EA: Well take care of yourself!!
 
SH: Trying, haha
 
EA: Maybe the move towards movement is your body talking to you, “Pay attention to me”
 
SH: It’s definitely something I’m interested in working with more.
 
EA: Crystals performing in it Sunday, right?
 
SH: No, a bunch of other awesome people though. She was just in the audience last time.

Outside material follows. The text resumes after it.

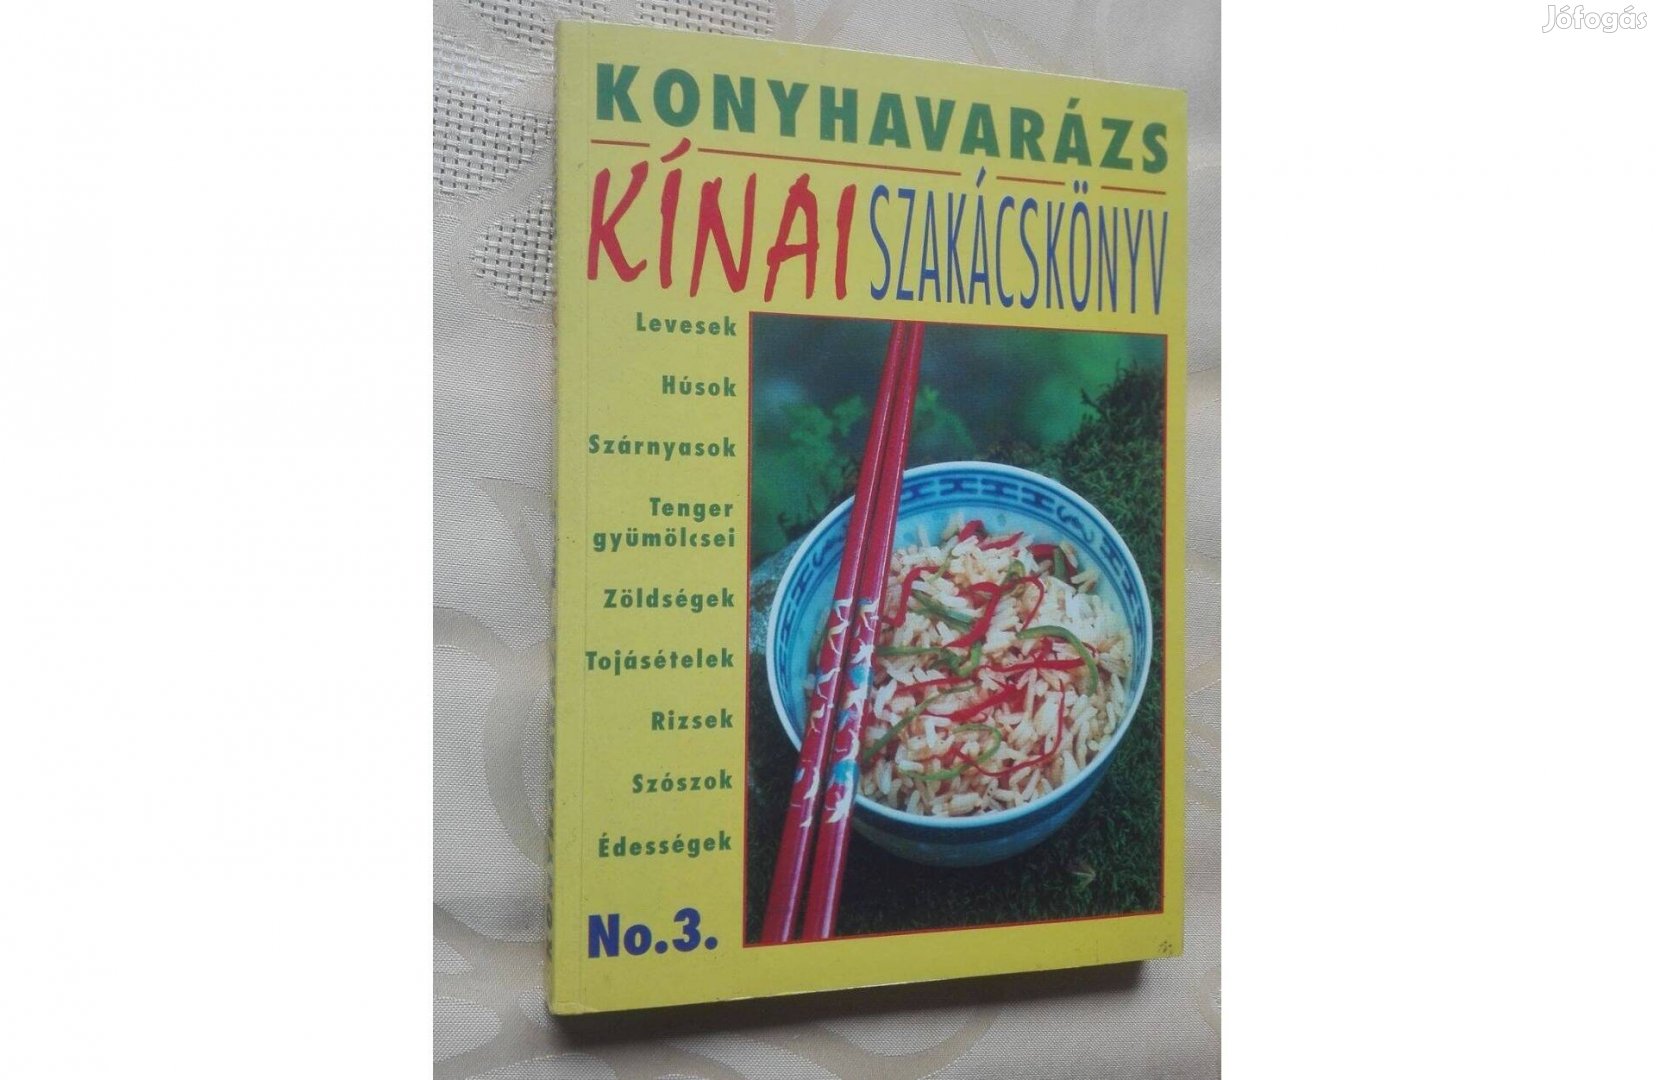 Kínai szakácskönyv, Konyhavarázs sorozat, vadonatúj,olvasatlan
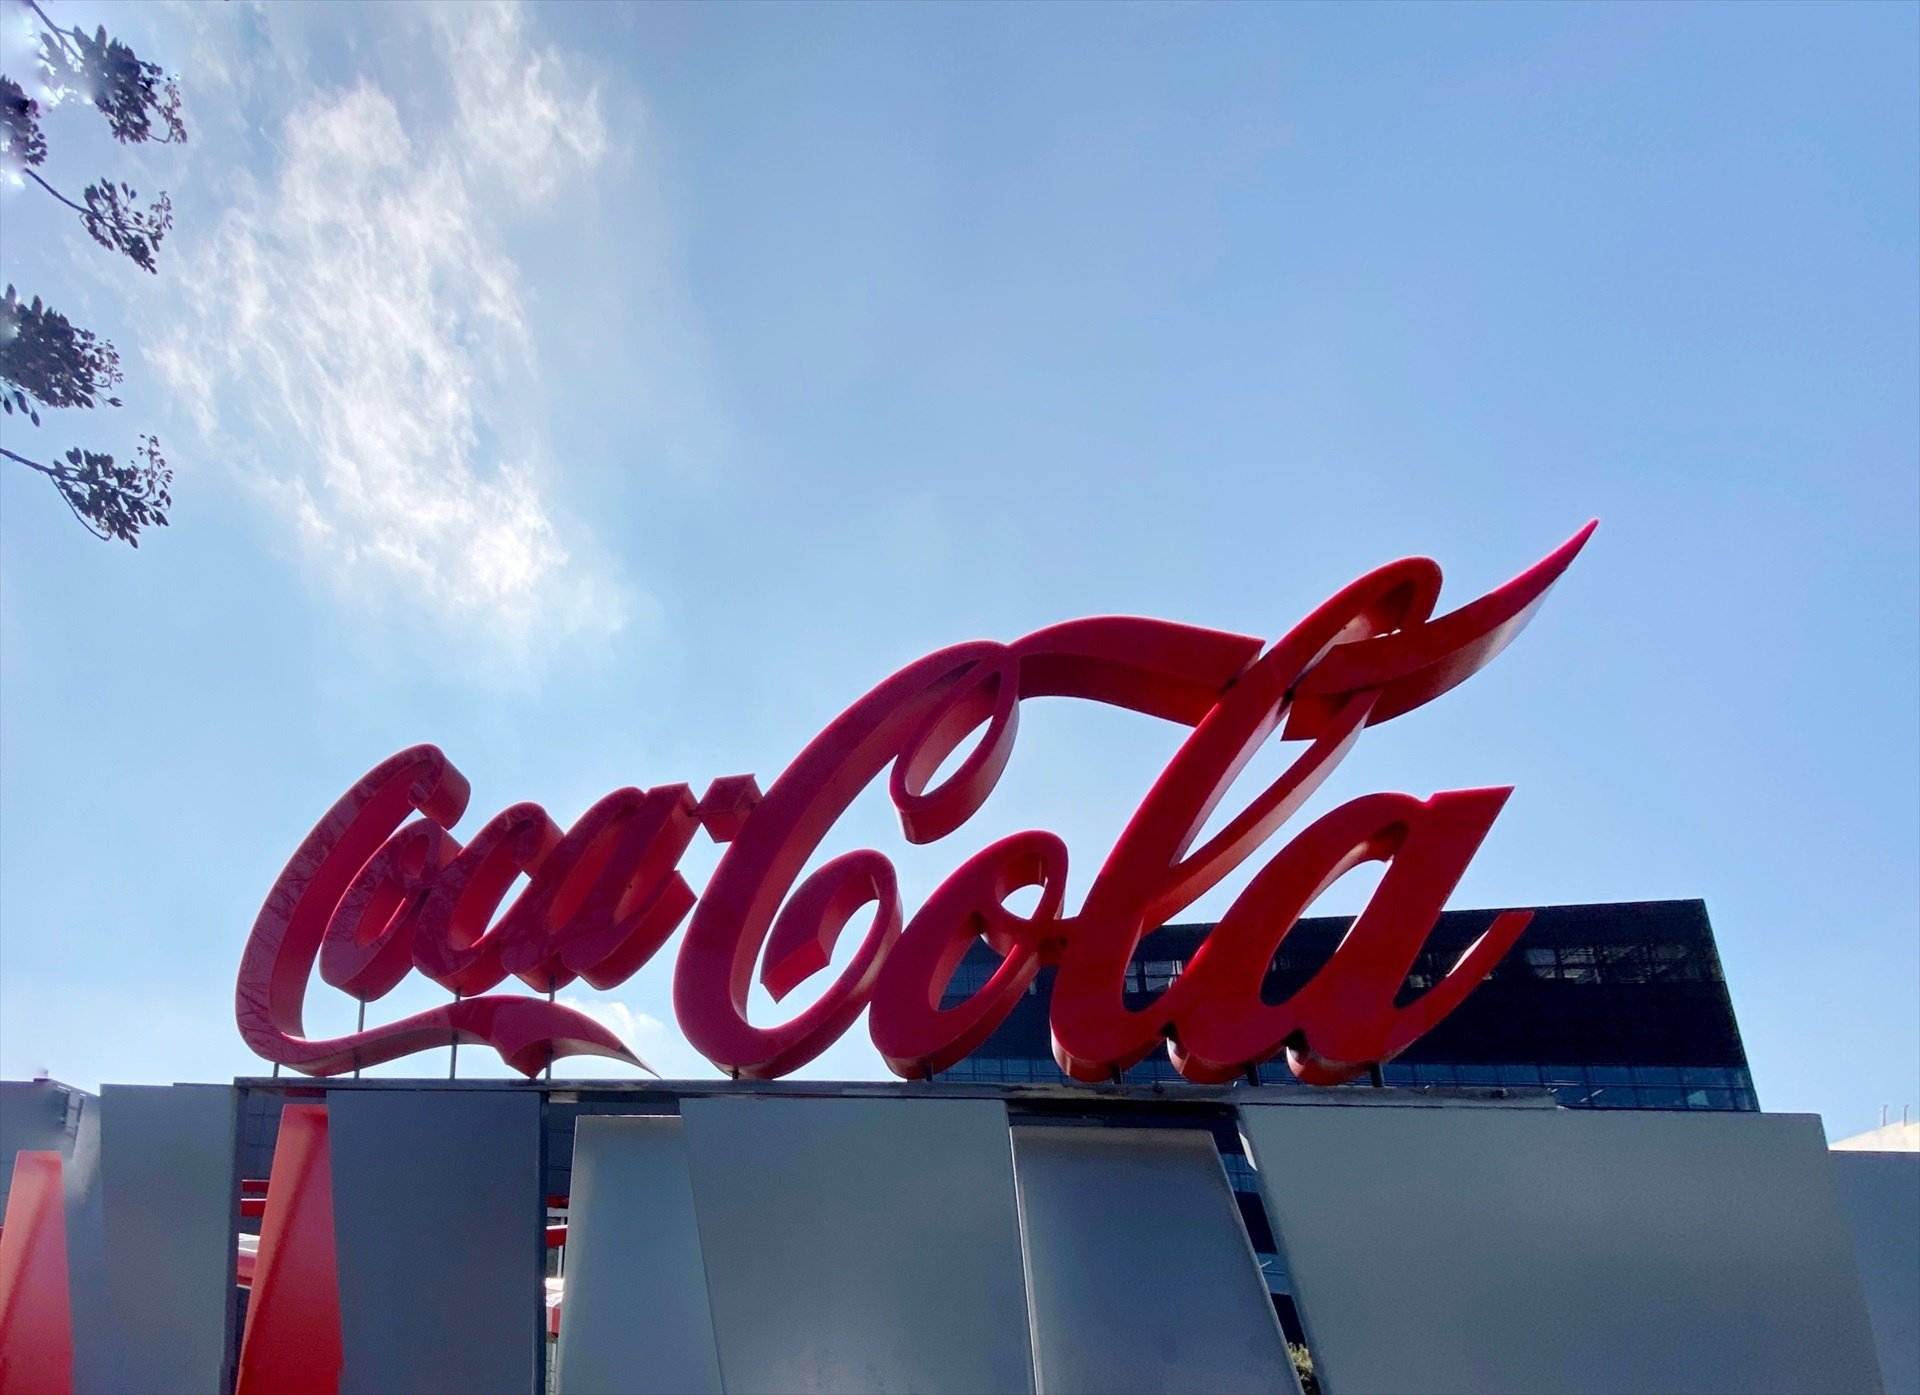 Sol Daurella ya preside la embotelladora de Coca-Cola más grande del mundo

Derek Baron, Lea Bertucci, Katie Porter, Rebekah Heller, Joshua Rubin, Michael Foster, and Ka Baird
plus me and Julie
 
EA: Whoops I should have known that. Right- Derek, I knew it was another symposium person
 
SH: Ya, totally weird/awesome group
 
EA: How do you pick performers?
 
SH: Initially I wanted an all queer ensemble but there were also some instruments I wanted like bassoon and clarinet where I just didn’t know anyone that fit that description and was available
 
EA: Understandable
 
SH: I was trying to strike a balance of low and high-register instruments too, so I’d have a wide spectrum.
 
EA: Well I’m looking forward to it!
 
SH: Yeah, same. So glad I get to do this piece again.
 
EA: Anything else we should know about the piece? We’ve covered a bunch.
 
SH: Don’t think so! that’s most but not all of my secrets :)
 
EA: :) Ok lastly any shout outs to artists/musicians you’re particularly into at the moment?
 
SH: uhhhh I’ve been working with the cellist Judith Hamann on a new solo piece and she is really wonderful. I’m excited to spend some time with Oren Ambarchi and crys cole over in Scandinavia too, we have a few shows together. Annie Lewandowski who is another Ithacan is up to a lot of great stuff right now, too. Otherwise I really just only listen to Daniel Romano and old Lucksmiths albums on repeat right now :)
 
EA: Nice! Ok well thanks so much for taking time to chat :) see you on Sunday :)
 
SH: yes, see you soon!

Interview done by Eames Armstrong on 1/28/19, slight edits for clarity.